DATA SEGMENT>
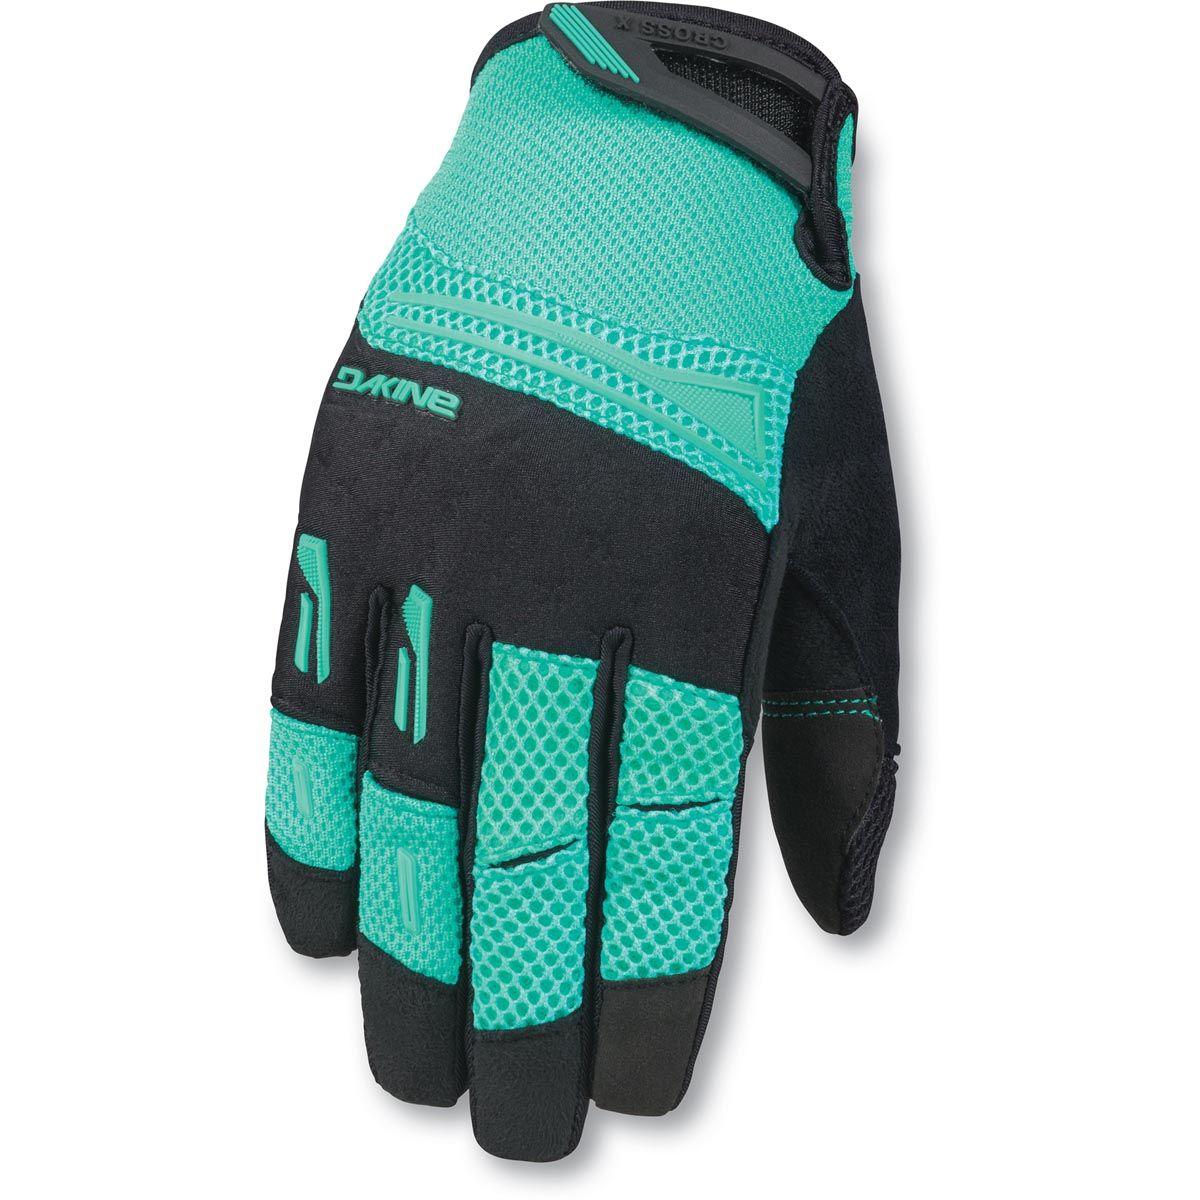 41f29d1a7cc0d Dakine Womens Cross-X Glove Damen Bike Handschuhe Aqua Green ...
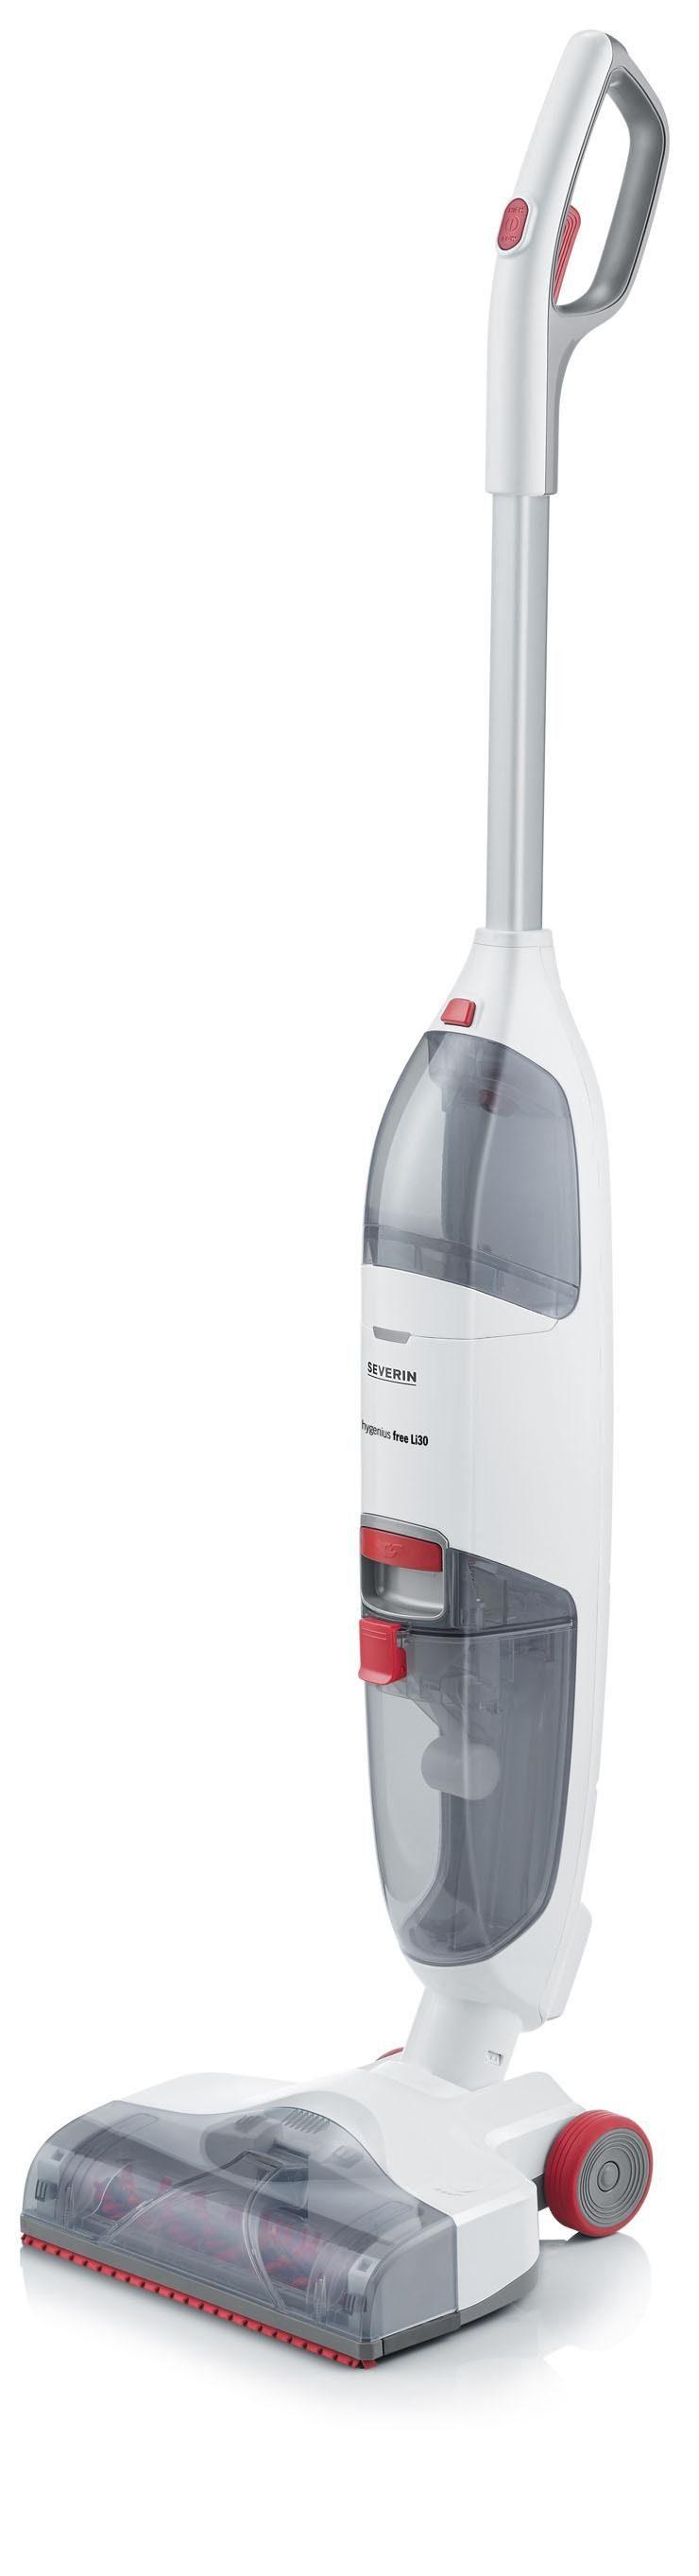 Severin Nass-Trocken-Sauger SC 7148 Hygenius Free Li30, 900 Watt, beutellos
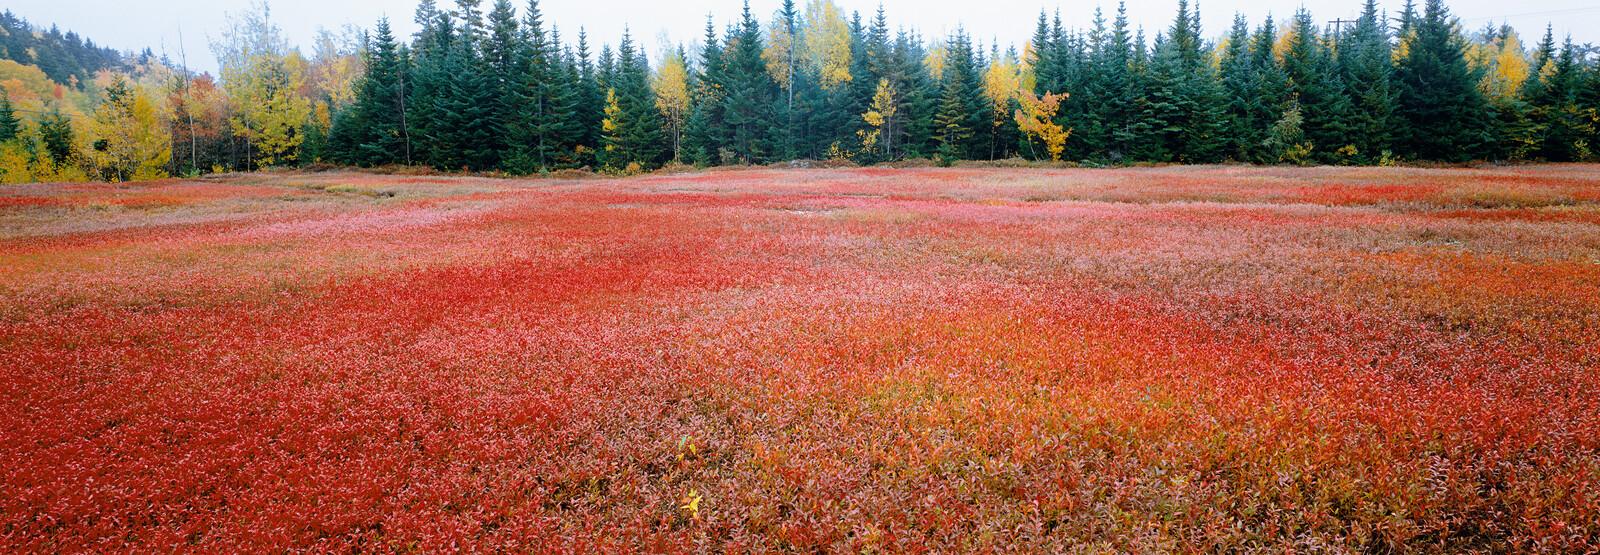 Autumn, New Brunswick, Canada - Axel M. Mosler
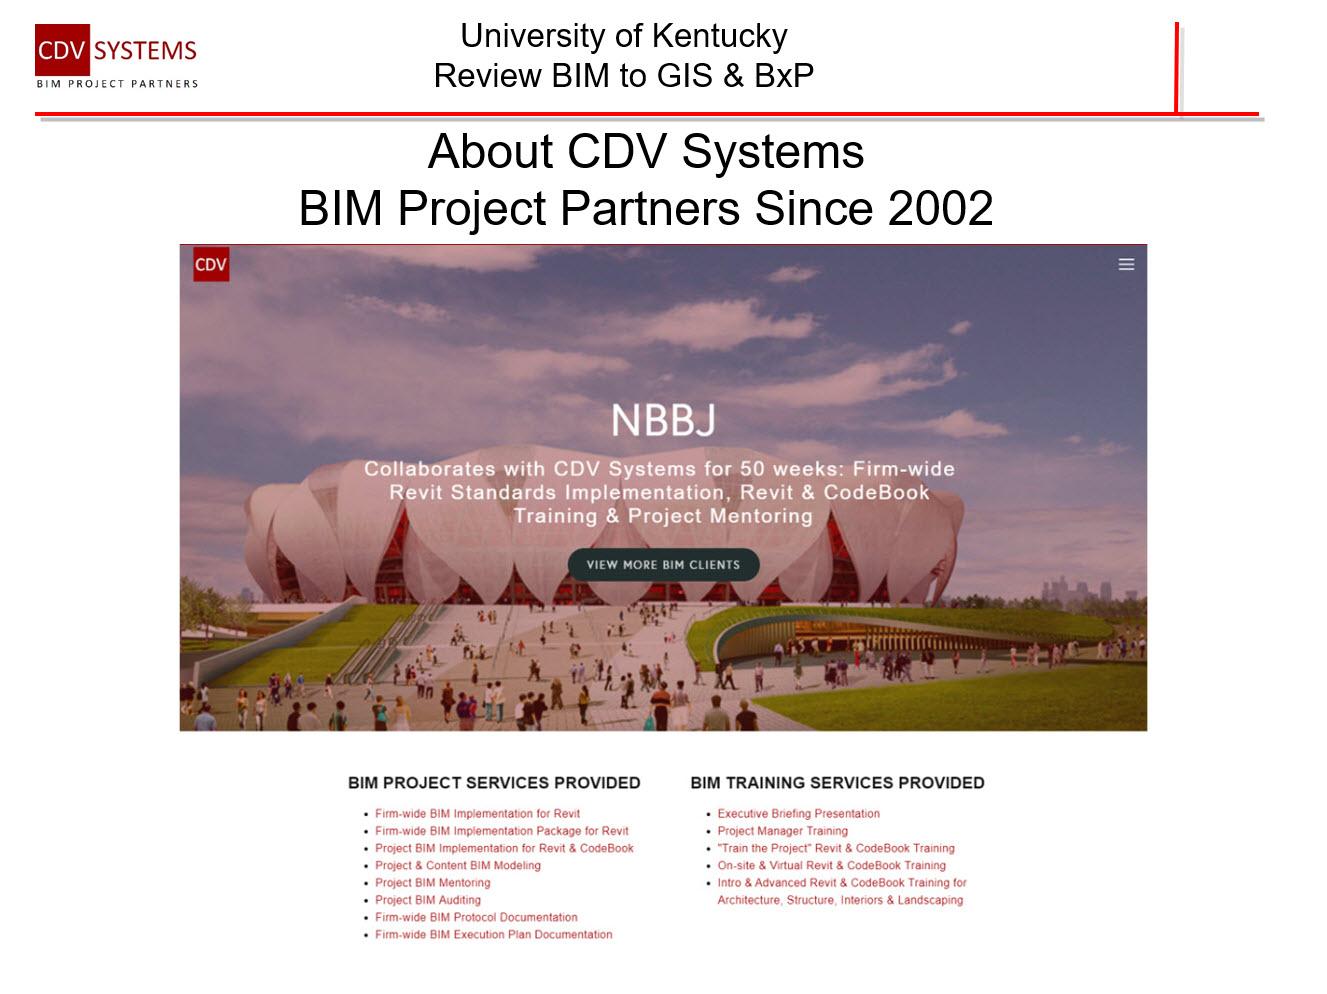 University of Kentucky_001m.jpg

TASK TO CARRY OUT>
What you give back must match the material above exactly, minus its pictures.

YOUR SOLUTION>
 41f29d1a7cc0d Dakine Womens Cross-X Glove Damen Bike Handschuhe Aqua Green ...
 Severin Nass-Trocken-Sauger SC 7148 Hygenius Free Li30, 900 Watt, beutellos
 Autumn, New Brunswick, Canada - Axel M. Mosler
 University of Kentucky_001m.jpg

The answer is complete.